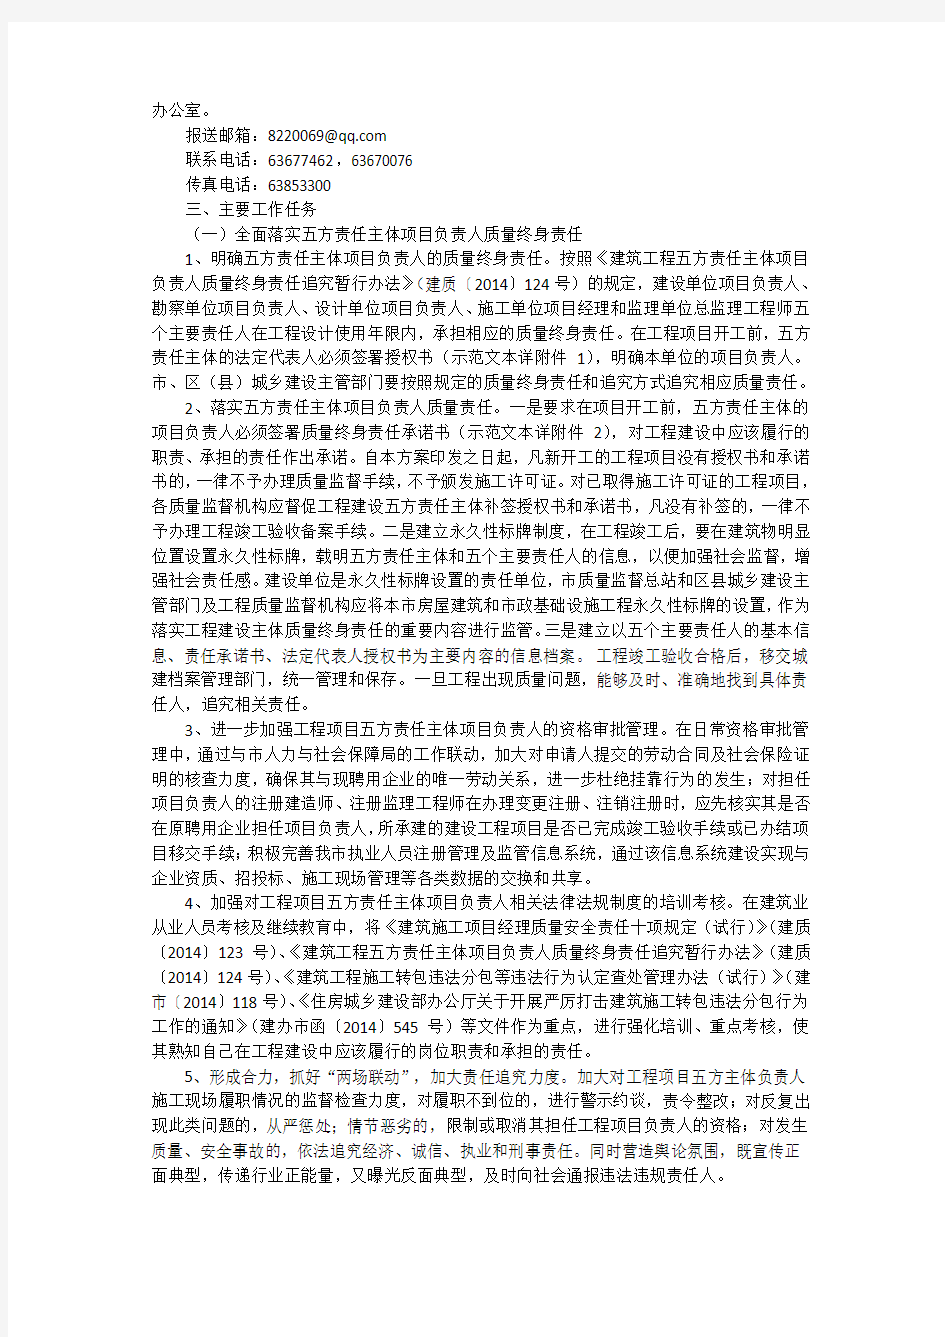 重庆市城乡建设委员会关于印发《重庆市工程质量治理两年行动实施方案》的通知
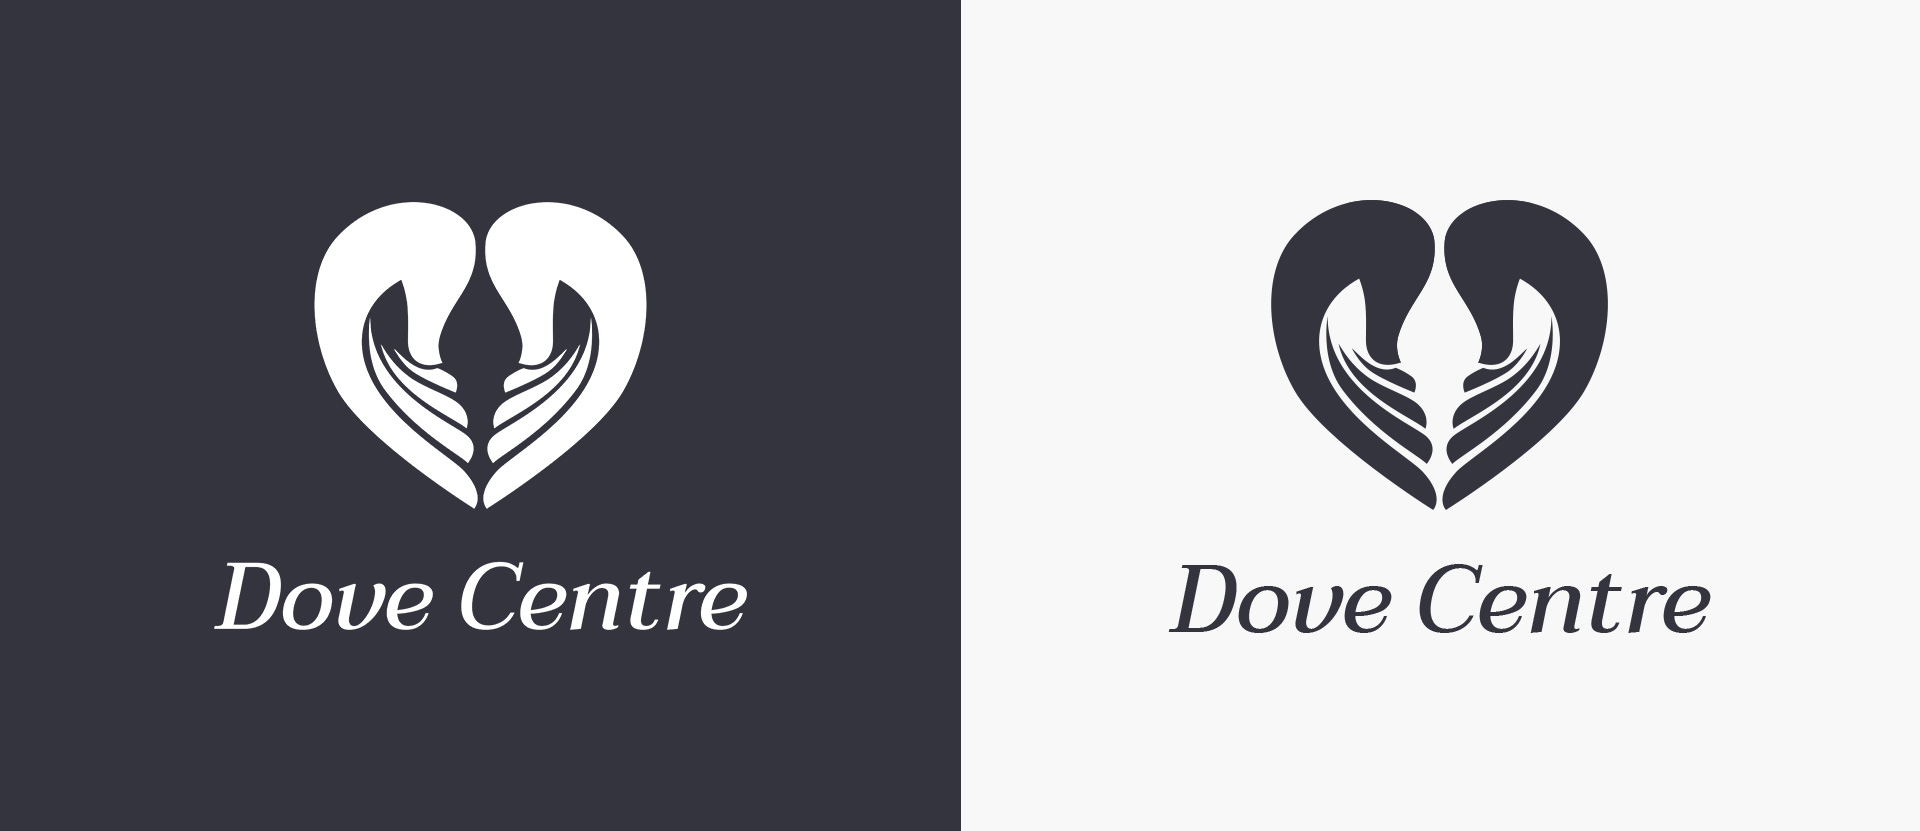 Dove Centre black and white
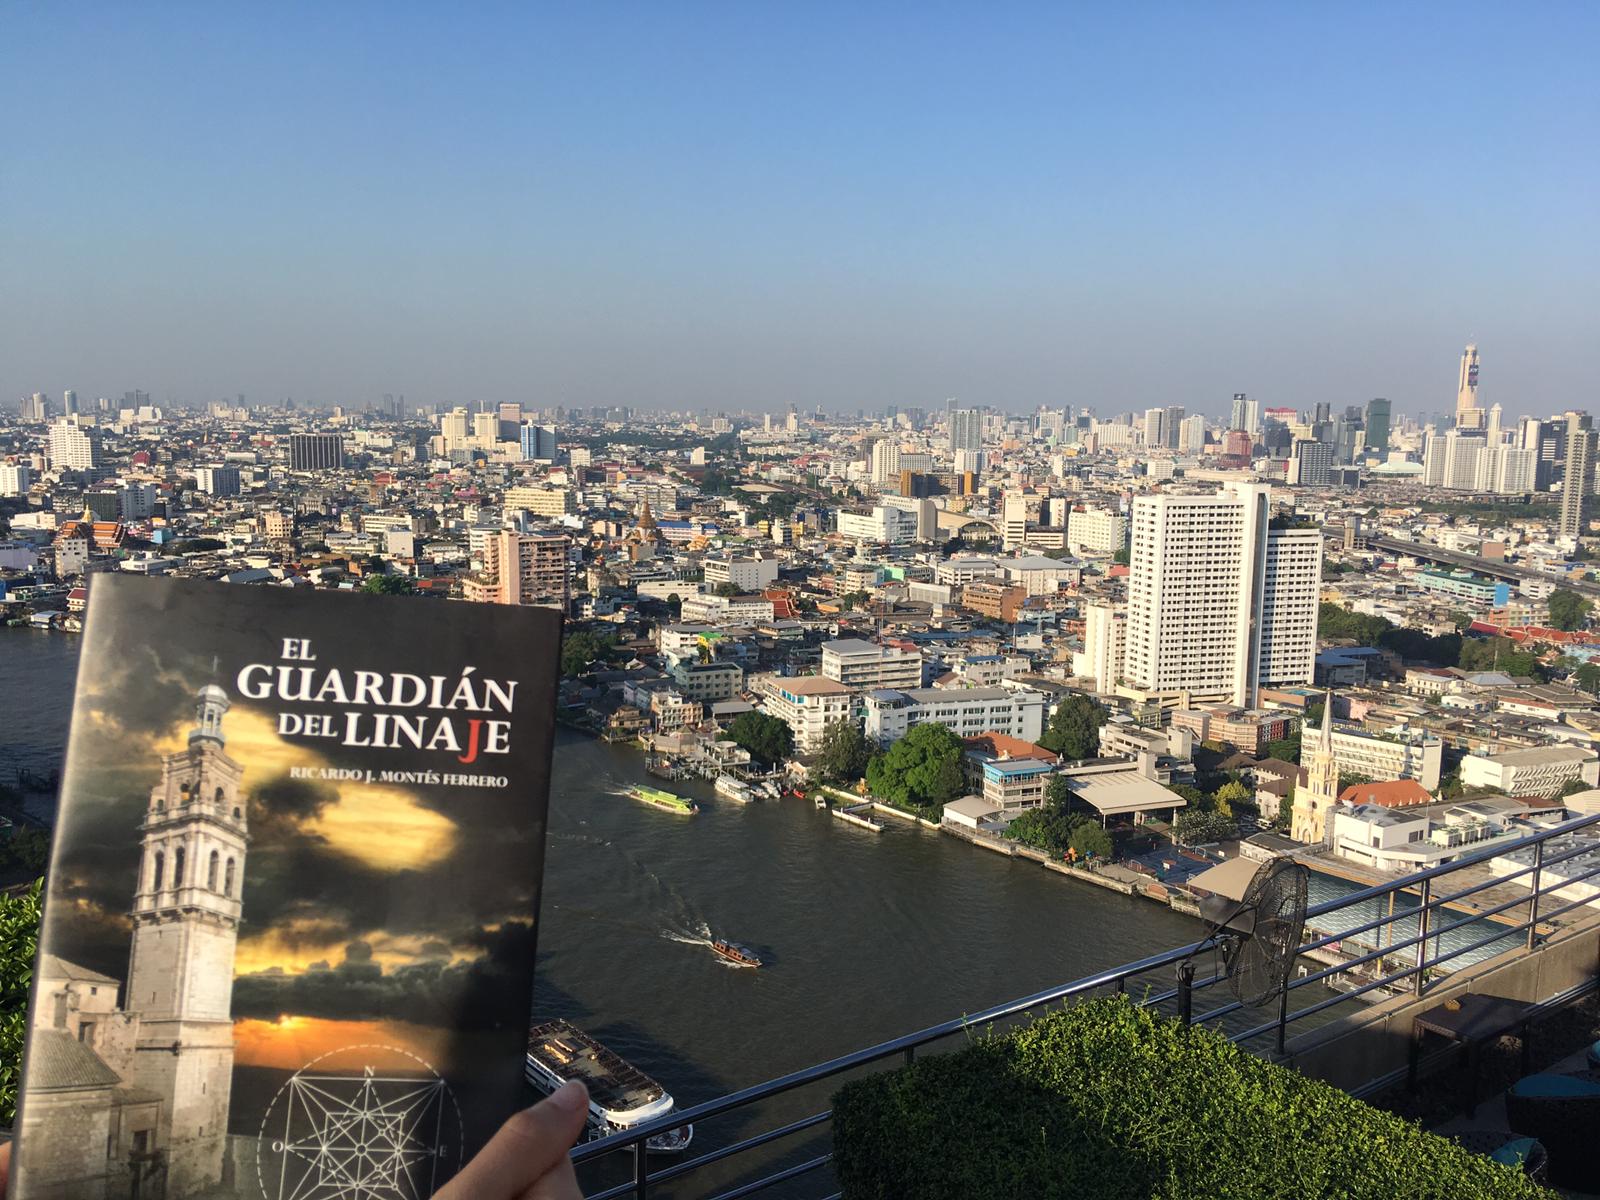 La Novela "El Guardián del Linaje" en Bangkok

----

Goal of the exercise:
From the first line to the last, retype the data above exactly, but not its images.

Finished task:
 重庆市城乡建设委员会关于印发《重庆市工程质量治理两年行动实施方案》的通知
 Dove Centre black and white
 La Novela "El Guardián del Linaje" en Bangkok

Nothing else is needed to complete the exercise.